Will Rohati succeed. Yes, I think it will. I think they have taken a unique approach to a security issue that will continue to grow in years to come. Application access is an area that I think is still up and coming. In a period of nothing is ever new in security, the Rohati team seems to have found something that has not been done before in a packaged dedicated way like this. If nothing else, with all of the ex-Cisco folks there, Cisco will eat its young and buy the technology back in.

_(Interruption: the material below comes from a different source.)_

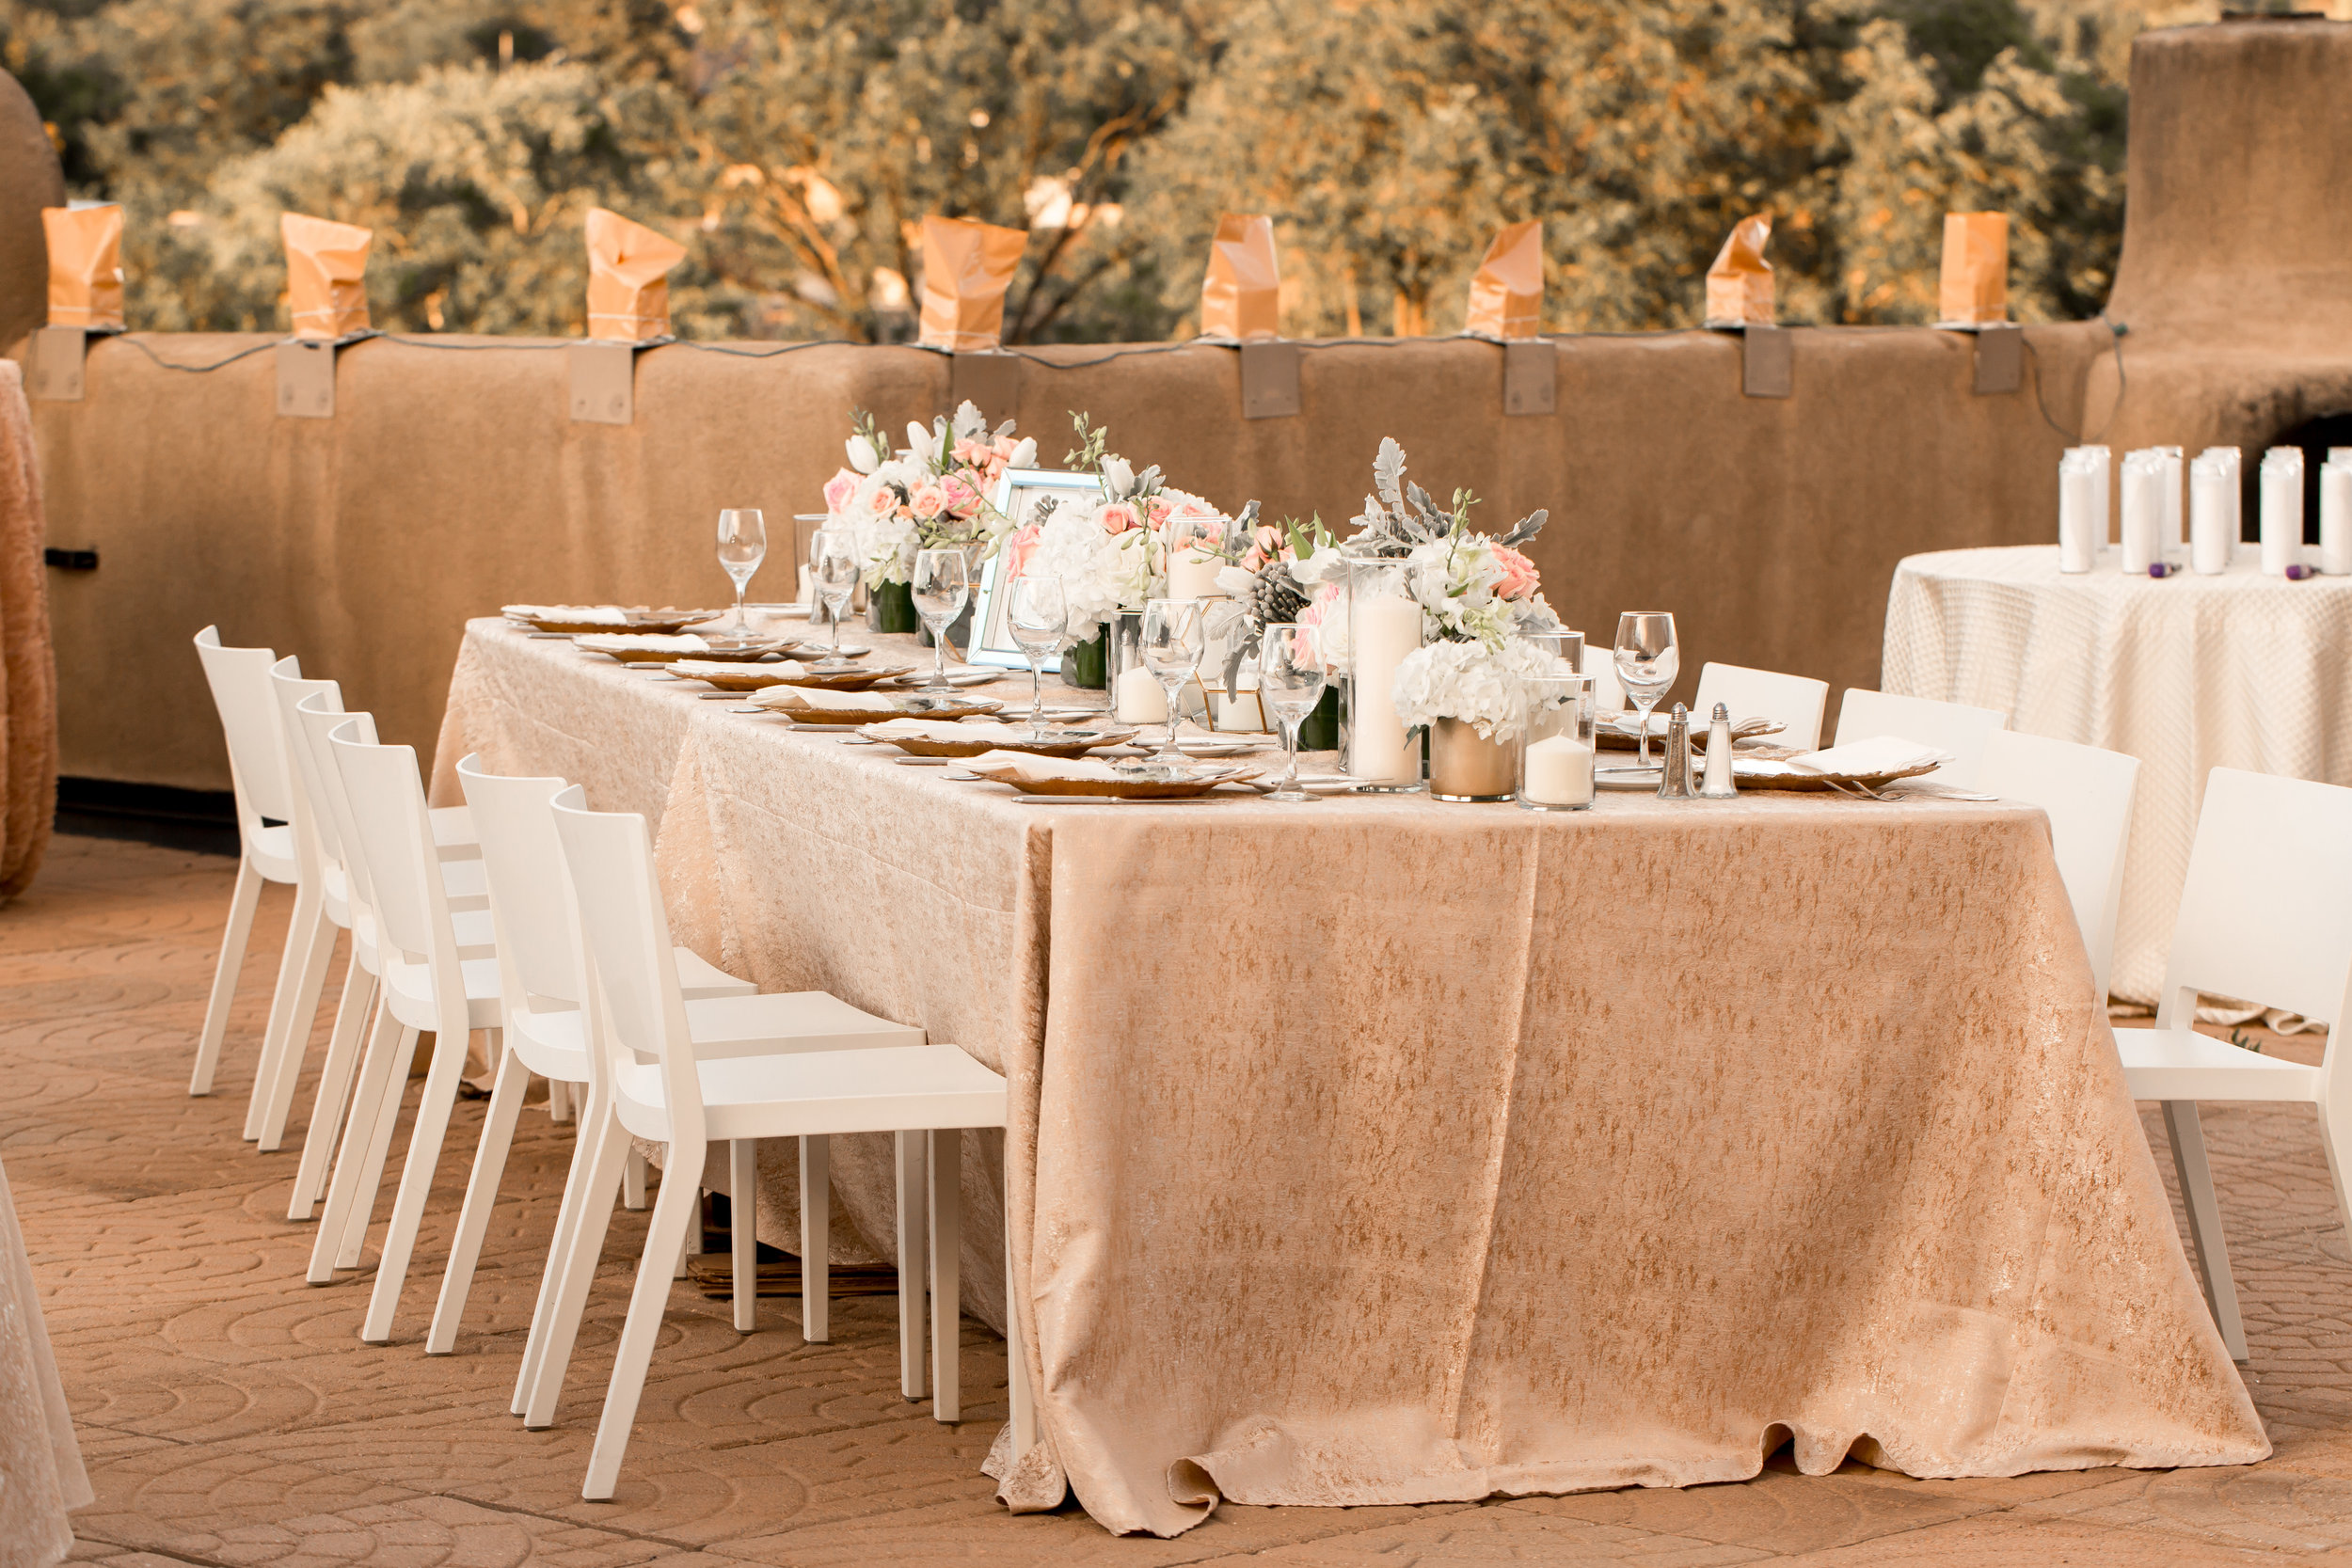  daytoremember.net | Talitha Tarro Photography | El Dorado Hotel &amp; Spa | A Day To Remember Santa Fe New Mexico Luxury Wedding Planning and Design | Luxury Destination Wedding 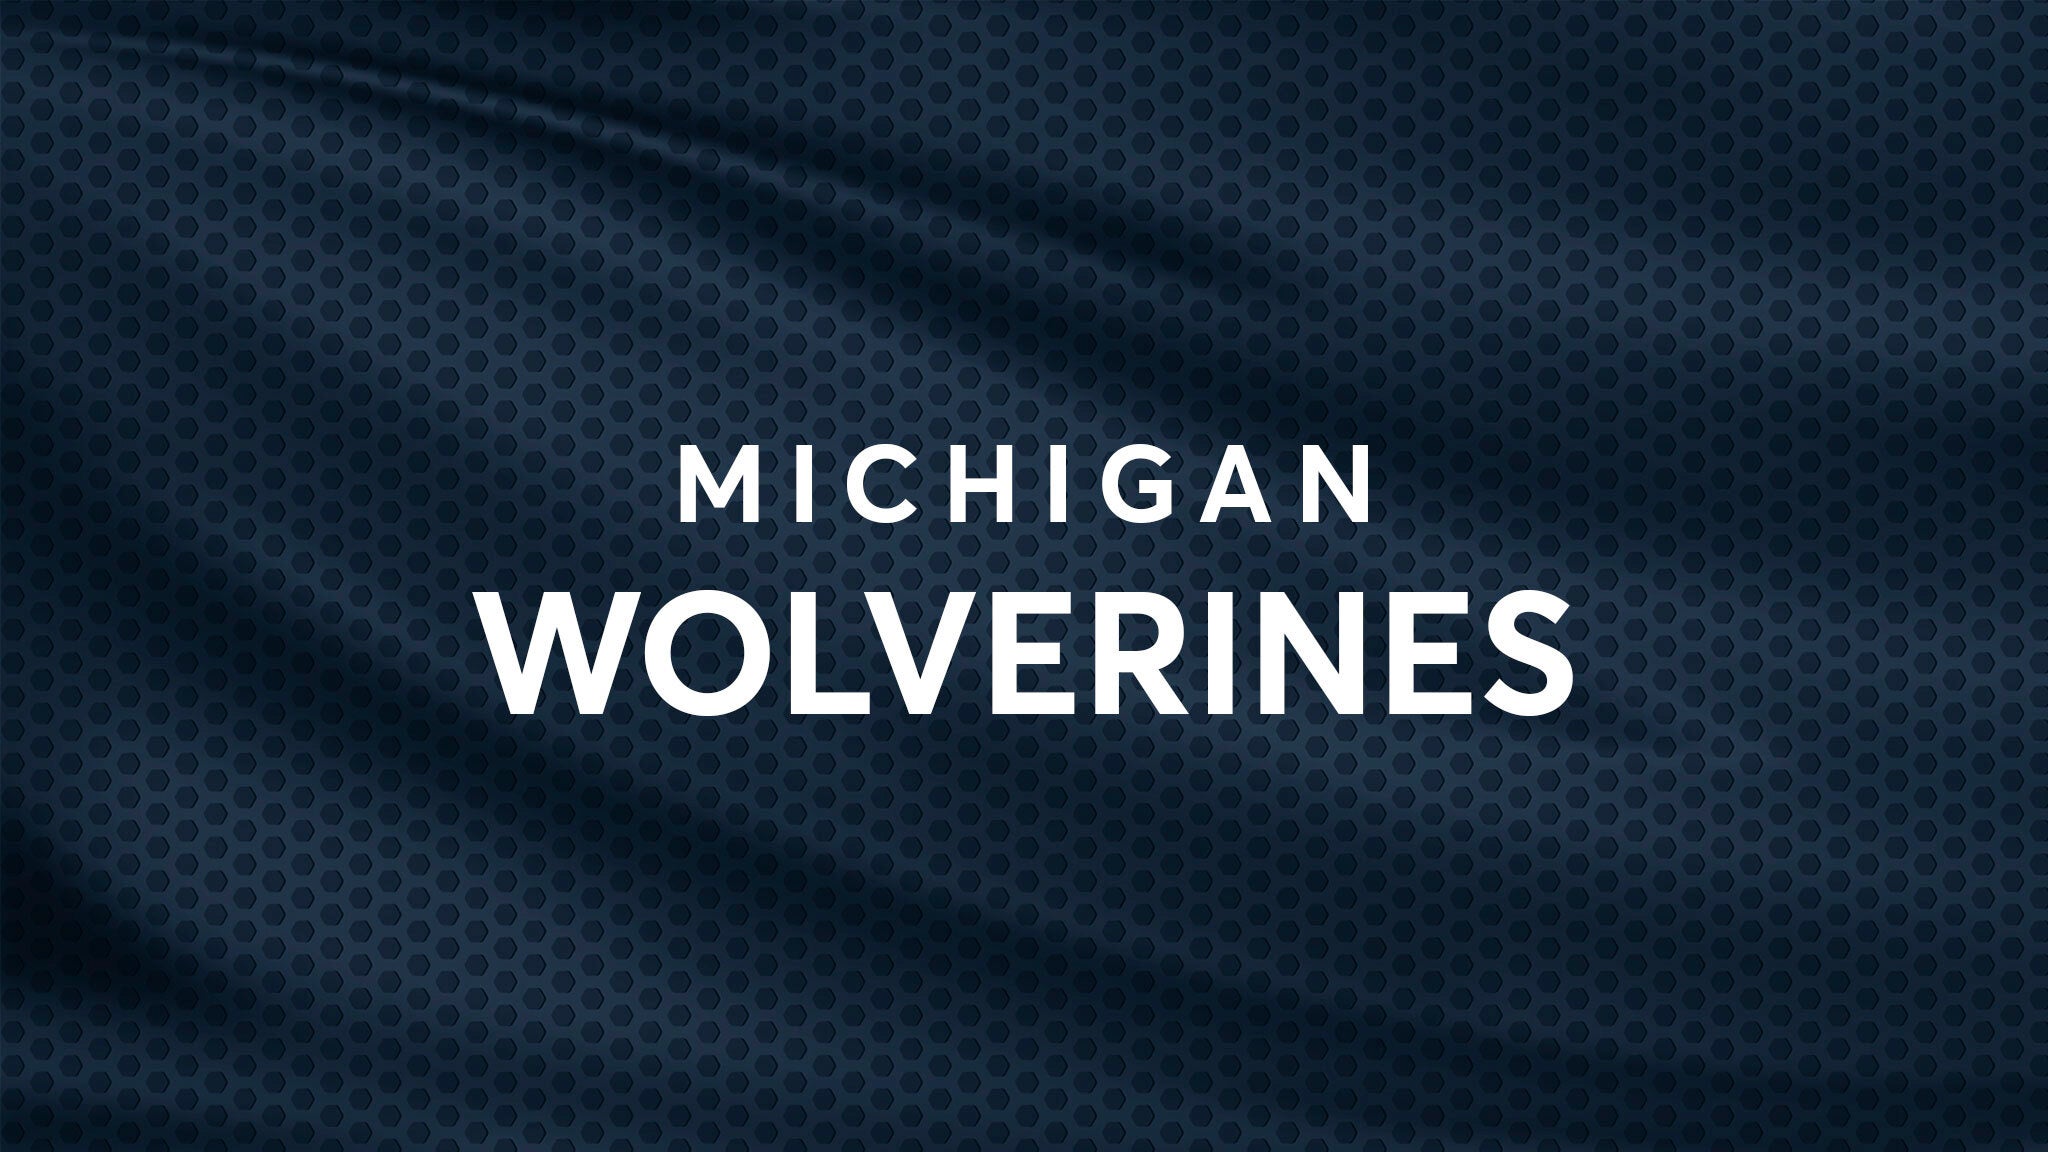 Michigan Wolverines Football vs. Northwestern Wildcats Football hero

NAC Market Trend - From a Friend's Post



I am sure many of you, who are working or worked with NAC vendors, would love to hear this. After a lot of talk about NAC market being dead, Infonetics has taken a fresh view of NAC market and predicts strong forecast ahead. Ref: Reports of NAC’s death have been greatly exaggerated; market up 16% in 1Q08
According to the research report, NAC market jumped 16% in 1Q08 to $62.7 million which means $10 million more over the previous quarter.
Though NAC market is still dominated by out-of-band appliances mainly from Cisco and Juniper, Infonetics predicts shift towards Ethernet switch based NAC appliances and in-line (bump in the wire) products. It predicts that purpose-built products from Consentry Networks and Nevis Networks will make up 25% of the NAC market. Being a Nevis employee, I am really happy to know this and wish that it happens!!

FireFox 3 goes live.


Early server issues did little to dampen an enthusiastic response on Tuesday for the release of the latest version of Mozilla's Web browser, Firefox 3.
The browser, released at 1 p.m. EDT on Tuesday, uses less memory and adds one-click bookmarking, better suggestions for sought-after Web sites, and features to help Web surfers avoid malicious software. Rival Opera released their latest browser last week, boasting a similar security feature, as does Microsoft's next browser Internet Explorer 8, which is still in beta.
By Tuesday afternoon, Mozilla stated that about 14,000 people were downloading the software every minute. The demand caused server problems in the early afternoon, according to the company.
"This will put us well into the tens of millions of downloads in a 24 hour period if we can sustain it," the company said in a statement. "Each download is about 7MB so that’s around 13 Gigabits/s of just download traffic. Not too shabby!"
External attackers have increasingly focused on the browser as a vector through which to attack unsuspecting users' computers. Among the most popular techniques, attackers compromise legitimate Web servers with code to redirect the Web site's visitors to servers hosting malicious code. Anti-malware builds on the anti-phishing features that all three browser makers incorporated into their software last year.
Mozilla had publicized the release, asking users to sign up to download the product in an attempt to set a worldwide record for the most downloads in 24 hours.

Cavium going great guns !

The company I worked for about an year before joinng Nevis is doing great. Cavium is gaining a strong foothold in the Security Market with it's latest Octeon Processor Family. Octeon being a general purpose processor caters to verticals like Storage, Security, Wireless,Data centre etc. Cavium's share value has been going up since the IPO last year May.
Share Price of Cavium : http://finance.yahoo.com/q?s=CAVM

Introduction

Hi , I am Kaushik Datta, a person devoted to understanding the nuances of the computer networking industry.I am passionate about networking and interested in new trends in the market , new products and new companies. Having started my career with Cisco Systems (HCL Technologies-Cisco Development Centre), I was always interested about networking as a subject of research and the contributions it can bring to the world community.I have subsequently worked with Adaptec, Cavium Networks and Nevis Networks. This blog is an effort to publish recent trends and happenings in the industry trends and ways of things to come in future. I also with my limited knowledge try to corelate such events and post my views.